On the basis of these observations, the inevitable conclusion is that the herein petitioners failed to perfect an Appeal of their case to the Court of Appeals. The perfection of an Appeal or the filing of a Petition for Review within the reglementary period fixed by the Rules is mandatory and jurisdictional and the failure to do so renders the questioned Decision final and executory and it becomes the ministerial duty of the court concerned to order execution of judgment. 12

WHEREFORE, in view of the foregoing, the instant Petition is hereby DENIED for lack of merit. We make no pronouncement as to costs.

SO ORDERED.

Teehankee (C.J.), Narvasa, Cruz and Griño-Aquino, JJ., concur.

Endnotes:



1. At the time of the promulgation of the said Decision, the Special Division of the Court of Appeals was composed of Justices Magno S. Gatmaitan, Edilberto Soriano, Cecilia Muñoz-Palma, Juan O. Reyes and Guillermo S. Santos, Justice Soriano wrote the Decision.

2. Pages 75 to 86, Rollo.

3. Pages 145 to 163, Rollo.

4. Page 6, Petition; page 22, Rollo.

5. In 1972, Section 3, Rule 41 of the Rules of Court provided for a 30-day period within which an Appeal may be taken to the Court of Appeals.
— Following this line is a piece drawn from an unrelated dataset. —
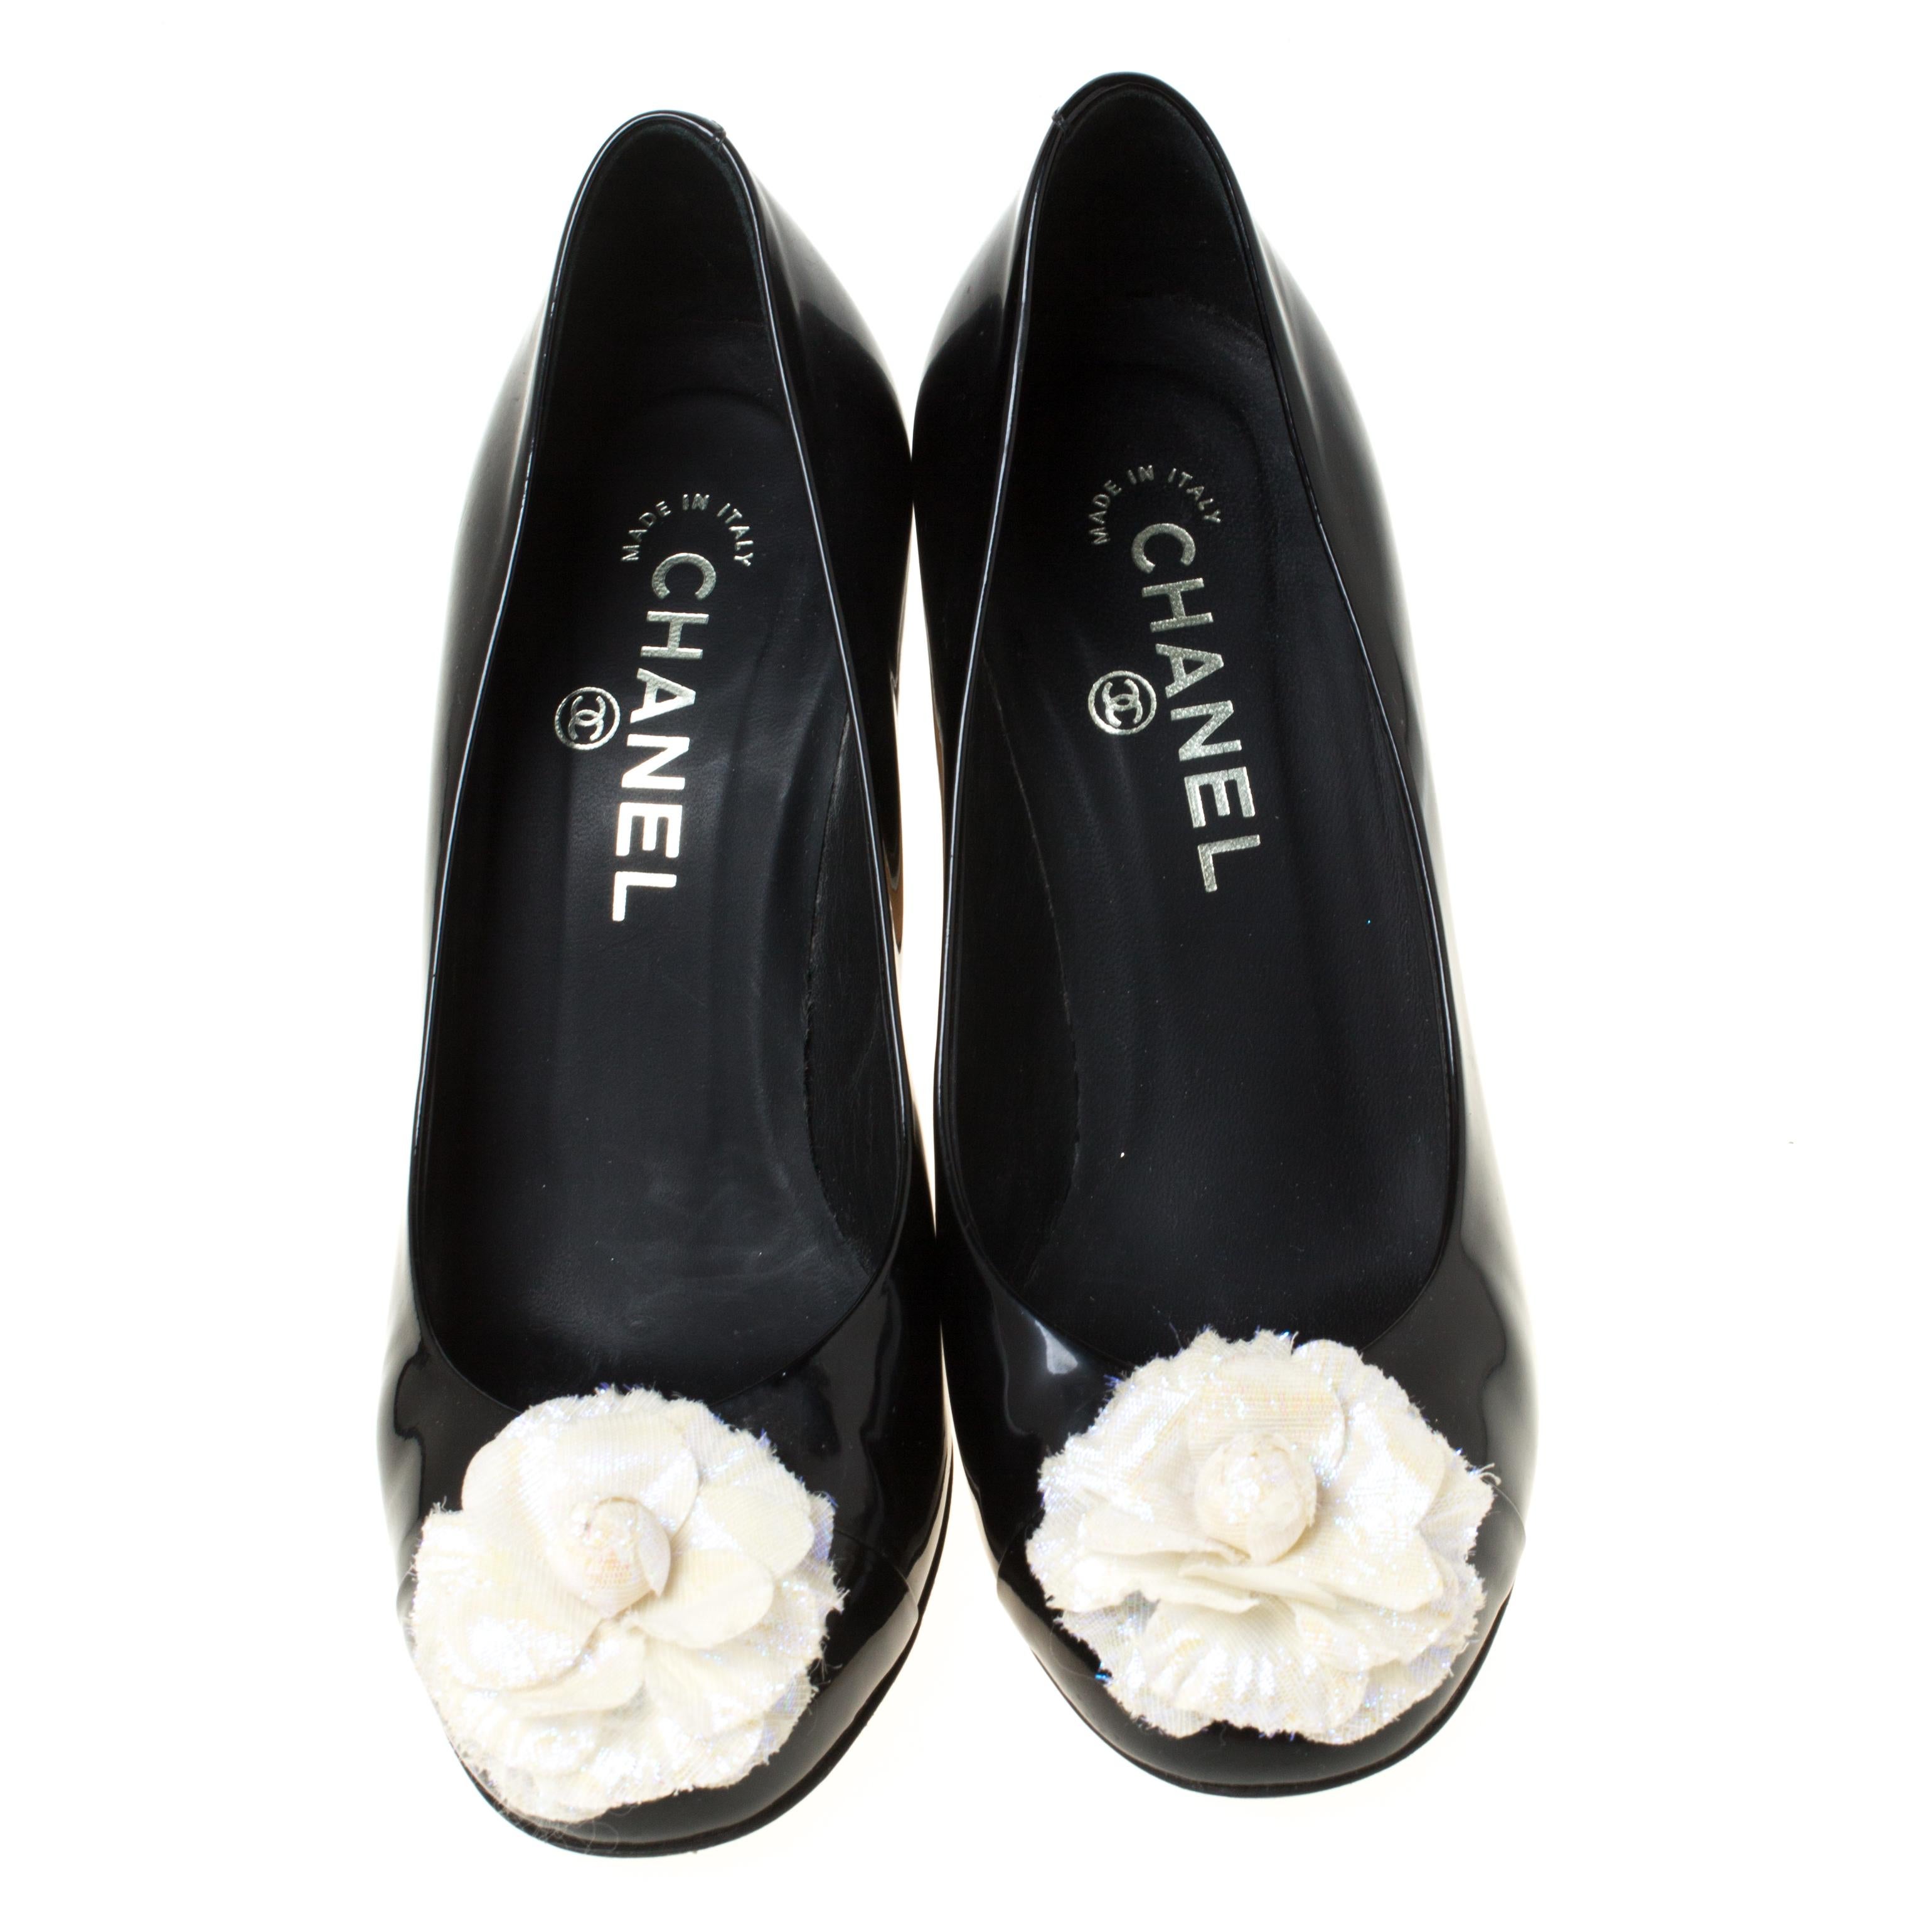 We always love to see creations as elegant as these pumps from Chanel. They have been wonderfully designed using leather and are designed with Camellia on the cap toes. Complete with 9 cm heels, these pumps will bestow you with style and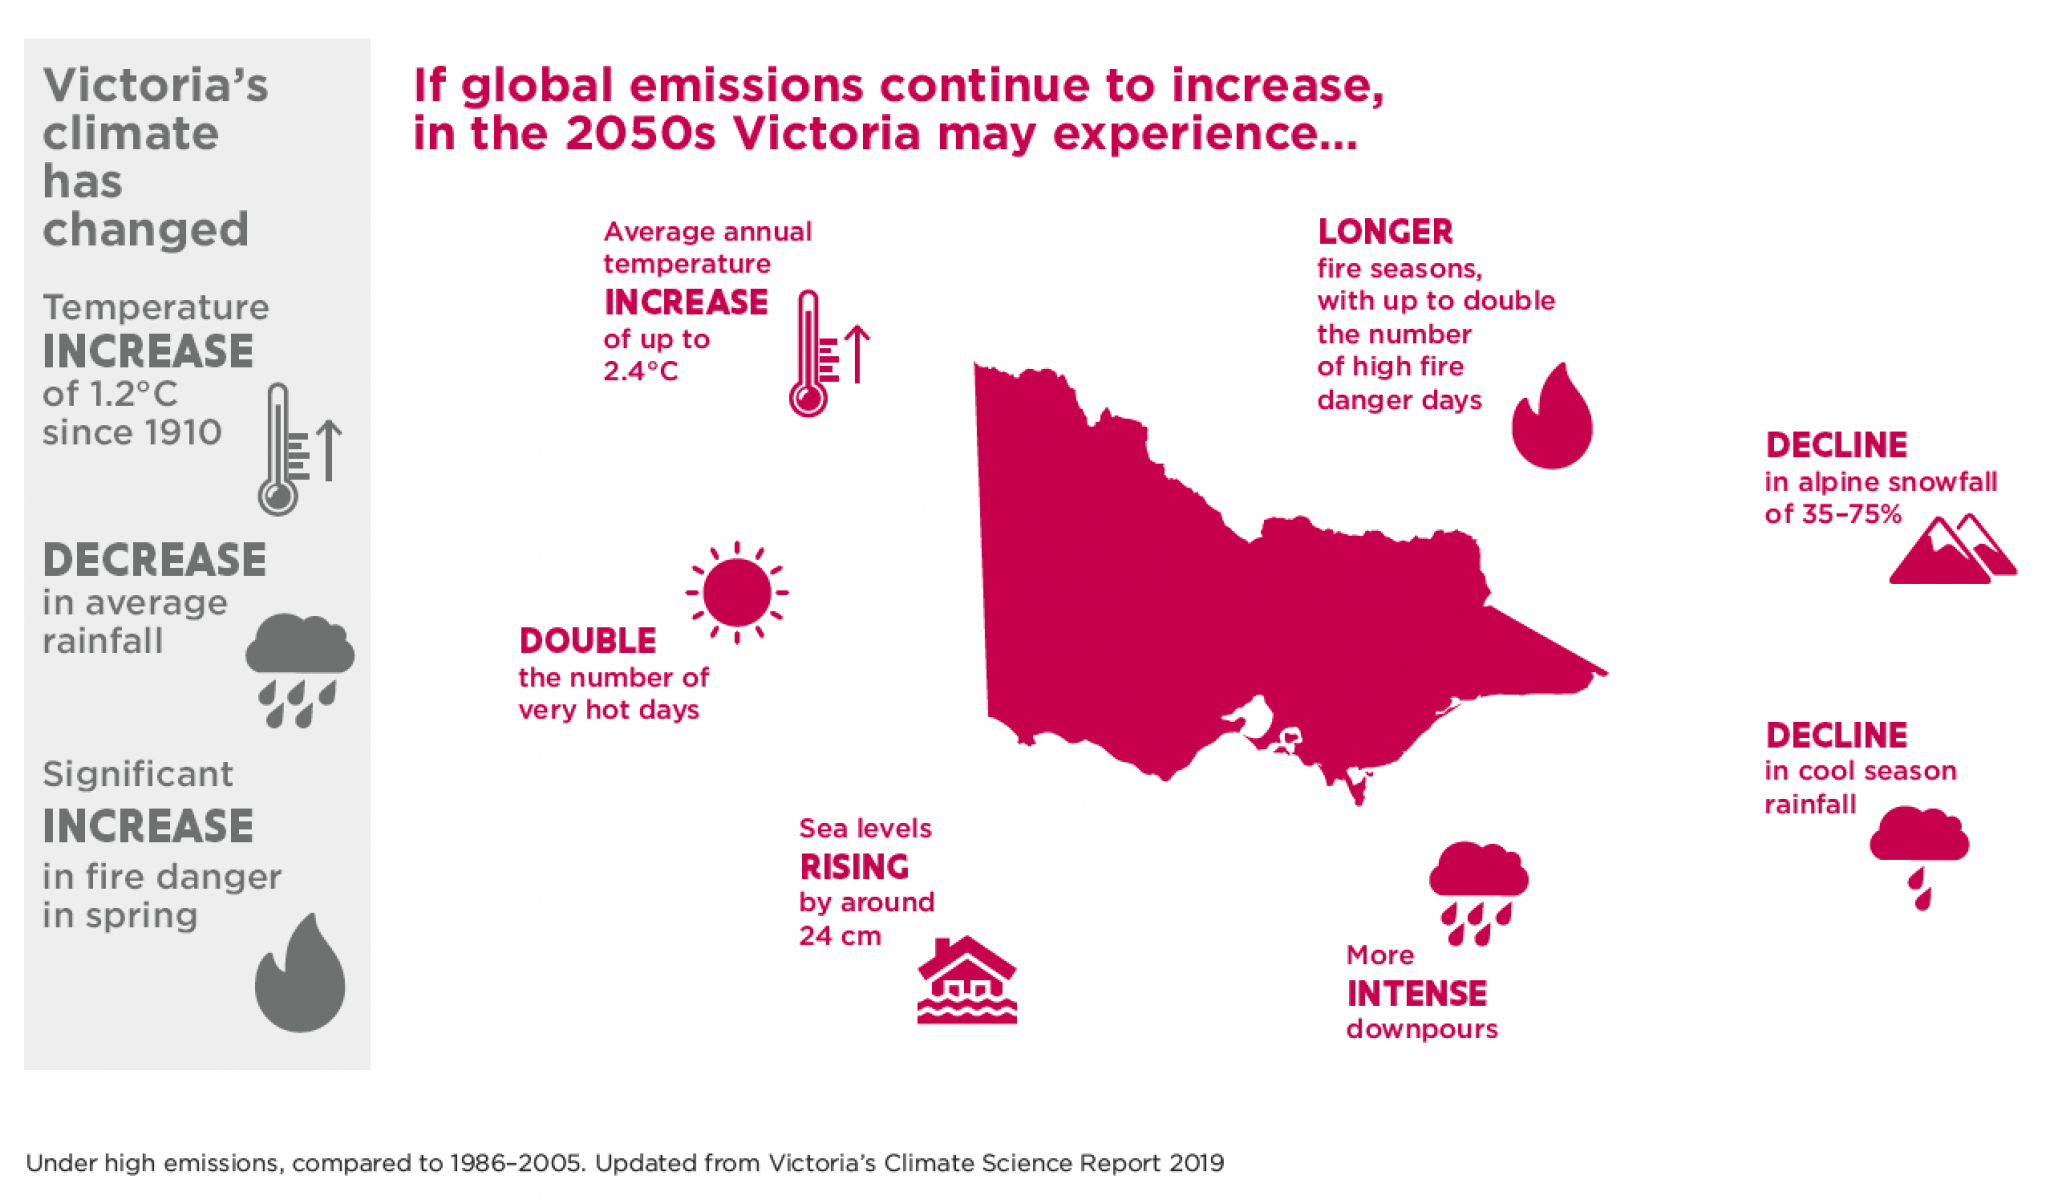 If global emissions continue to increase, in the 2050s Victoria may experience... Average annual temperature increase of up to 2.4 degrees Celsius. Longer fire seasons, with up to double the number of high fire danger days. Decline in alpine snowfall of 25-75%. Decline in cool season rainfall. More intense downpours. Sea levels rising by around 24 cm. Double the number of very hot days. Victoria's climate has changed. Temperature increase of 1.2 degrees Celsius since 1910. Decrease in average rainfall. Significant increase in fire danger in spring.

Under Section 39 of Batas Pambansa Blg. 129, the reglementary period has been reduced to 15 days, except in habeas corpus cases, special proceedings and in all other cases where multiple appeals are allowed under the Rules of Court.

6. Page 46 to 62, Rollo.

7. Page 178, Rollo.

8. Pages 179 to 196, Rollo. The vote of the court was 3 to 2, with Justices Muñoz-Palma and Reyes dissenting.

9. Hernandez v. Court of Appeals, 149 SCRA 67 (1987).

10. Teruñes v. Intermediate Appellate Court, 134 SCRA 414 (1985).

11. Santa Ana, Jr. v. Hernadez, 18 SCRA 973, 978-979 (1966).

12. Agricultural and Industrial Marketing, Inc. v. Court of Appeals, 118 SCRA 49 (1982).